Step 1: Map the Failure Domains
Before you pick a library, name the failures. Agents fail in four distinct ways, and each one needs a different fix. Mixing them up is why “add retries” never solves the problem.
Your system has these failure domains:
- Transient transport failures — rate limits, timeouts, 5xx errors. These resolve themselves. Retry with backoff.
- Output validation failures — the model returned text where you needed JSON, or hallucinated a field. Re-prompt with the error.
- State loss failures — the process dies, the pod restarts, the workflow times out. Resume from a checkpoint.
- Structural failures — the API contract changed, the tool is gone, the task is genuinely impossible. Escalate to a human.
The Architect’s Rule: If you can’t tell which domain a failure belongs to from the log line, your recovery code can’t either.
Each domain has its own contract. Transient failures need a retry budget. Validation failures need a schema and a re-prompt message. State loss needs a persistence layer.
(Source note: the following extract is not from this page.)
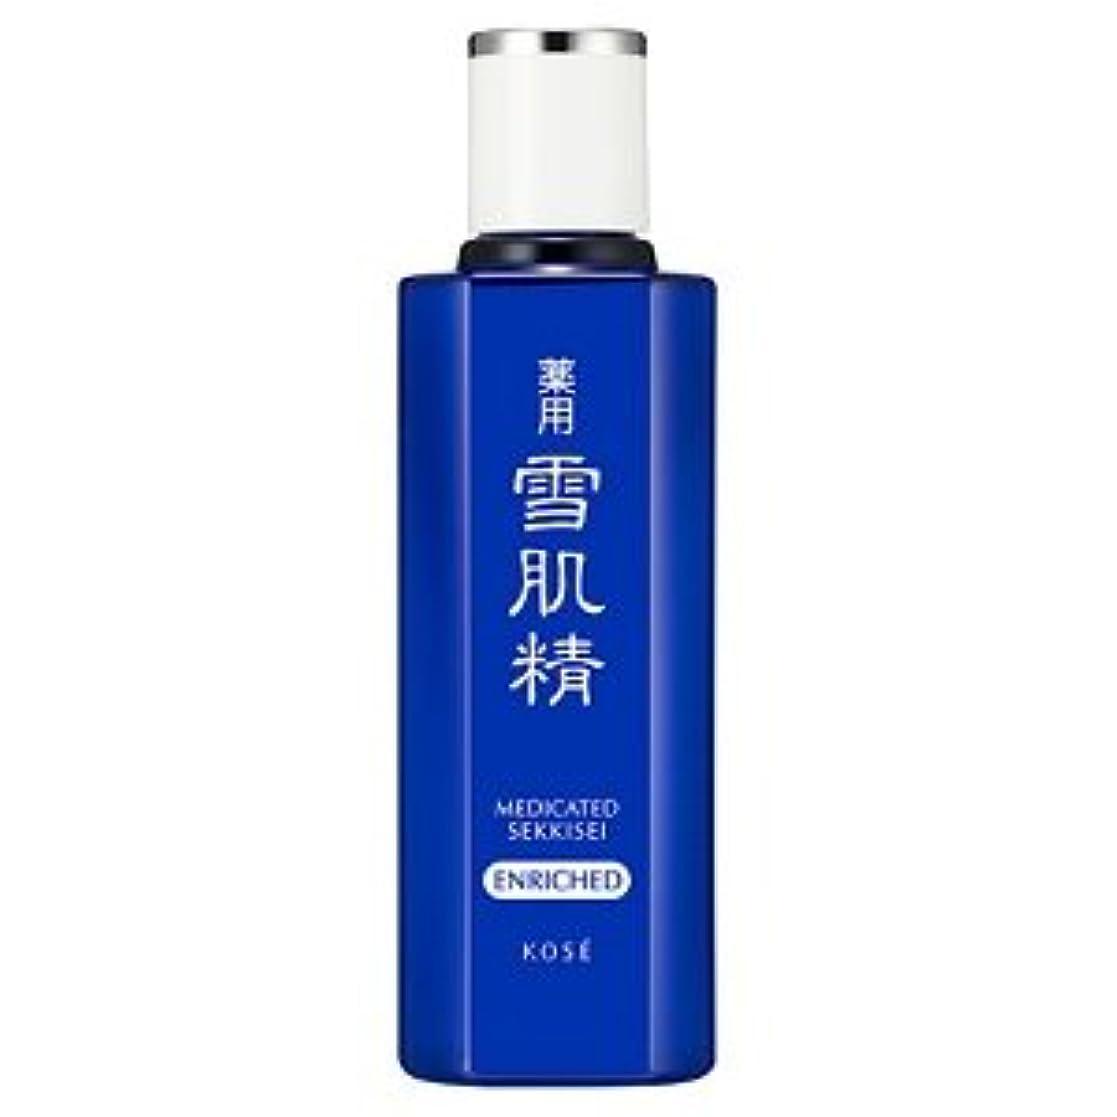 要求コストタバココーセー 雪肌精 薬用 雪肌精 エンリッチ 200ml 化粧水
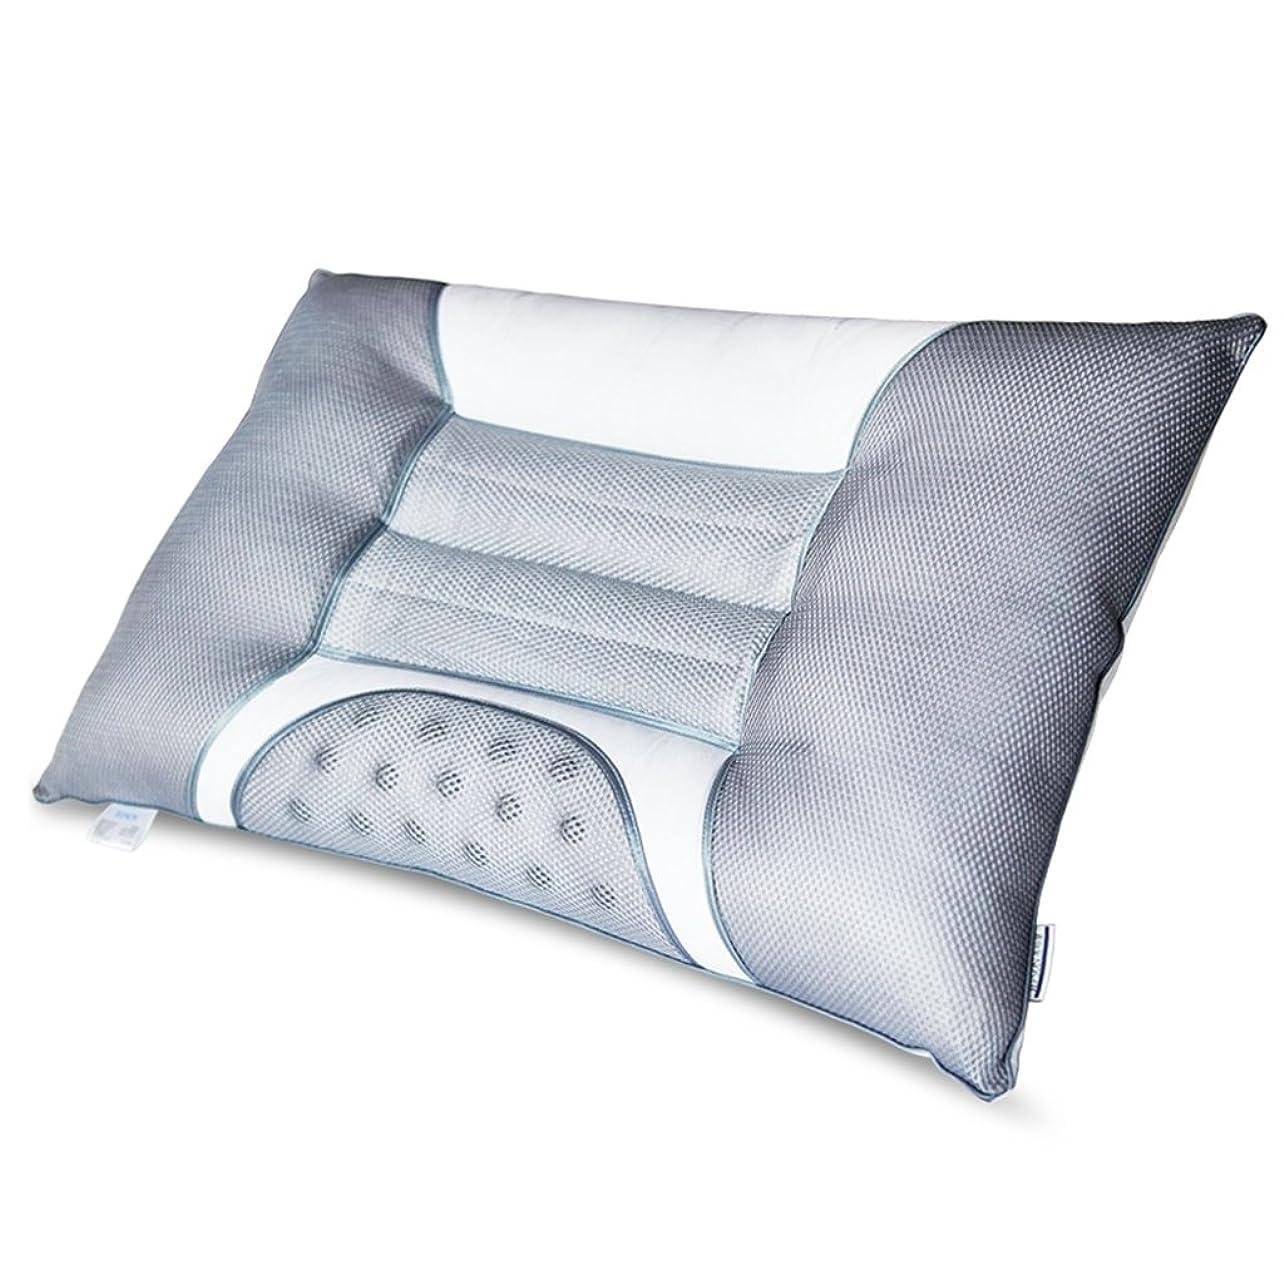 まっすぐ冬壮大な全そば枕 安眠枕 ピロー 漢方睡眠健康枕 ヘルスケア枕 中身そば殻使用 磁石入り 洗える 防湿通気 快眠グッズ 高さ調節可能 そば

Structural failures need an escalation path — usually Human In The Loop For Agents. Build all four. Skip any one and the gap shows up at the worst possible time.
The industry baseline for transient LLM failures sits around one to five percent of calls (NeuralWired, ballpark only). That means a ten-step agent run without retries fails on roughly one call in twenty under normal load. Add a noisy upstream and the number gets worse fast.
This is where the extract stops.